«Je vais vous distribuer de petites roses bien modestes, dit-il, parce que nous sommes pauvres. Vous les trouverez parfumées comme l'était Marie, la reine du ciel, et leur parfum vous pénétrant, vous désirerez lui ressembler. Vous les trouverez bénites, afin qu'elles apportent dans vos maisons la bénédiction de Marie. Mères, ornez-en le berceau de votre petit enfant pour le protéger. Femmes, montrez-la à votre mari; dites-lui qu'elle sera son prédicateur, son égide, lorsqu'il devra vous quitter. Jeunes filles, suspendez-la au Christ placé à votre chevet, afin que votre premier regard, la première élévation de votre coeur soient pour Jésus et Marie confondus dans un même amour.» Ce serait trop long de raconter les belles et bonnes choses que dit encore le révérend Père.
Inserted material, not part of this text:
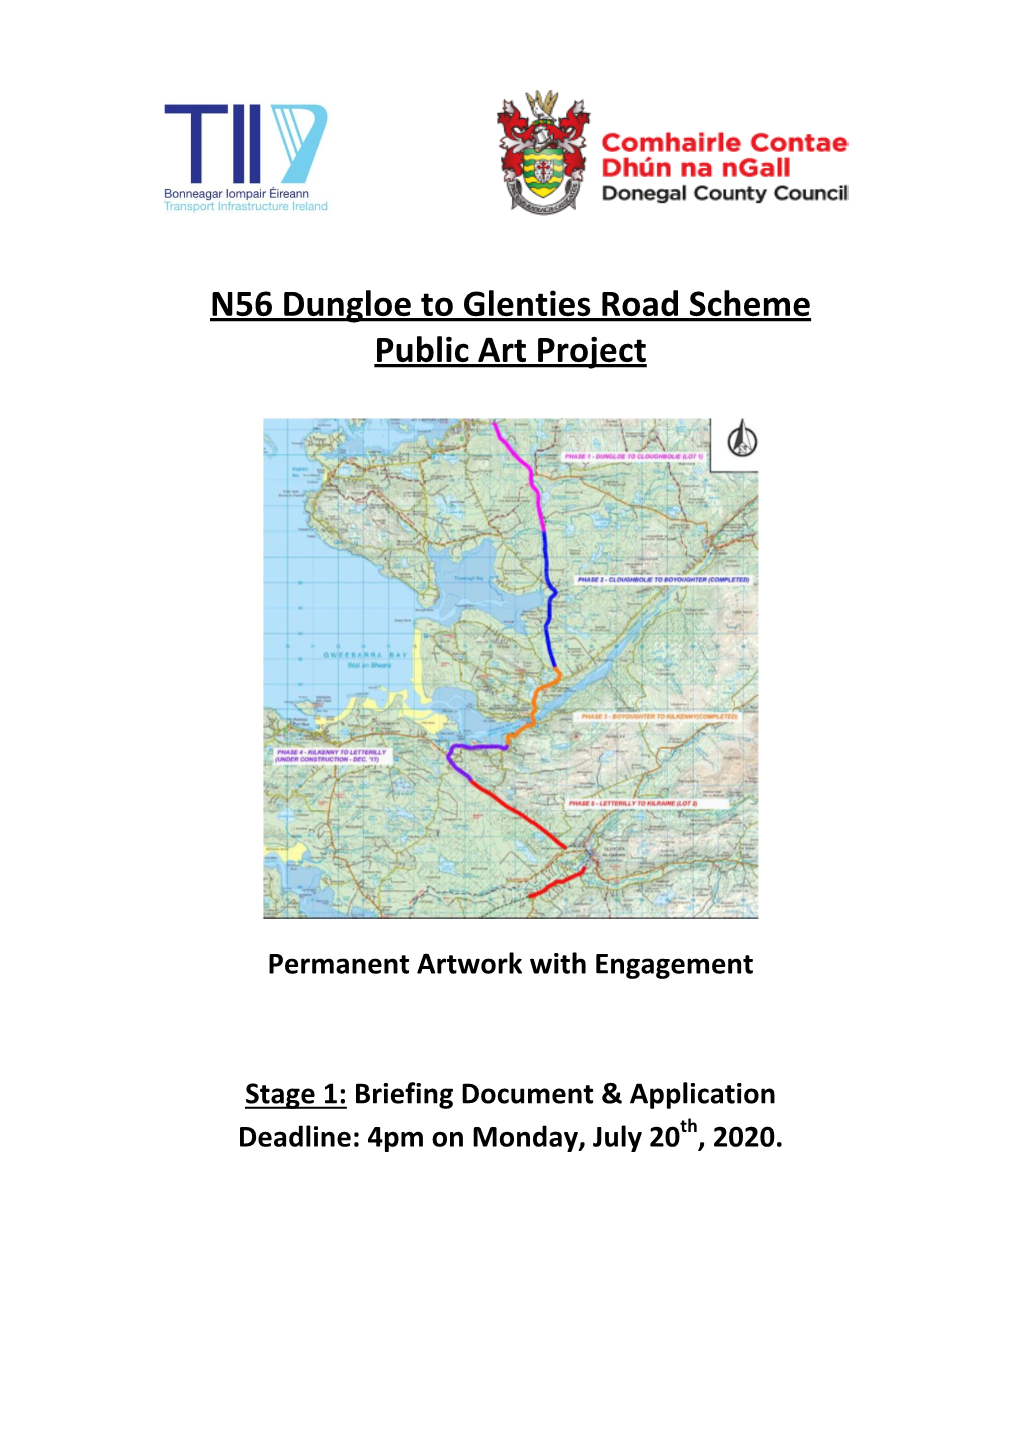 N56 Dungloe to Glenties Road Scheme Public Art Project

La distribution commença; lorsque je m'approchai pour recevoir ma rose, un léger sourire se dessina sur les lèvres du religieux: il semblait lire au fond de ma pensée ce mot hasard qui m'avait amené là. Je m'inclinai et sortis de l'église beaucoup plus grave que je n'y étais entré.

Une fois dehors, je me trouvai très embarrassé: je dînais en ville et j'avais disposé de ma soirée; mais la pensée de porter dans une maison profane ma petite rose bénite me fit rougir intérieurement. Je rentrai chez moi, je la suspendis au portrait de ma mère. Pauvre mère! il me sembla qu'elle me regardait plus tendrement. Peut-être étaient-ce ses prières qui, du haut du ciel, avaient guidé mes pas. Toujours est-il que j'étais resté chez moi par une force d'attraction plus puissante que ma volonté. Je passai mon temps à méditer sur les petites choses qui amènent souvent de grands effets. Je ne puis pas dire tout ce que je confiai de pensées tumultueuses à ma rose mystique: c'était presque une confession, et la petite goutte de rosée bénie qui reposait au fond de son calice était le baume consolateur que j'appliquais sur les blessures orageuses de mon coeur. «Qui sait, murmurai-je en m'endormant, si je ne retournerai pas dans cette église, et si, te tenant a la main, je n'irai pas trouver ce bon religieux? Elle m'amène à vous repentant et converti!» lui dirai-je.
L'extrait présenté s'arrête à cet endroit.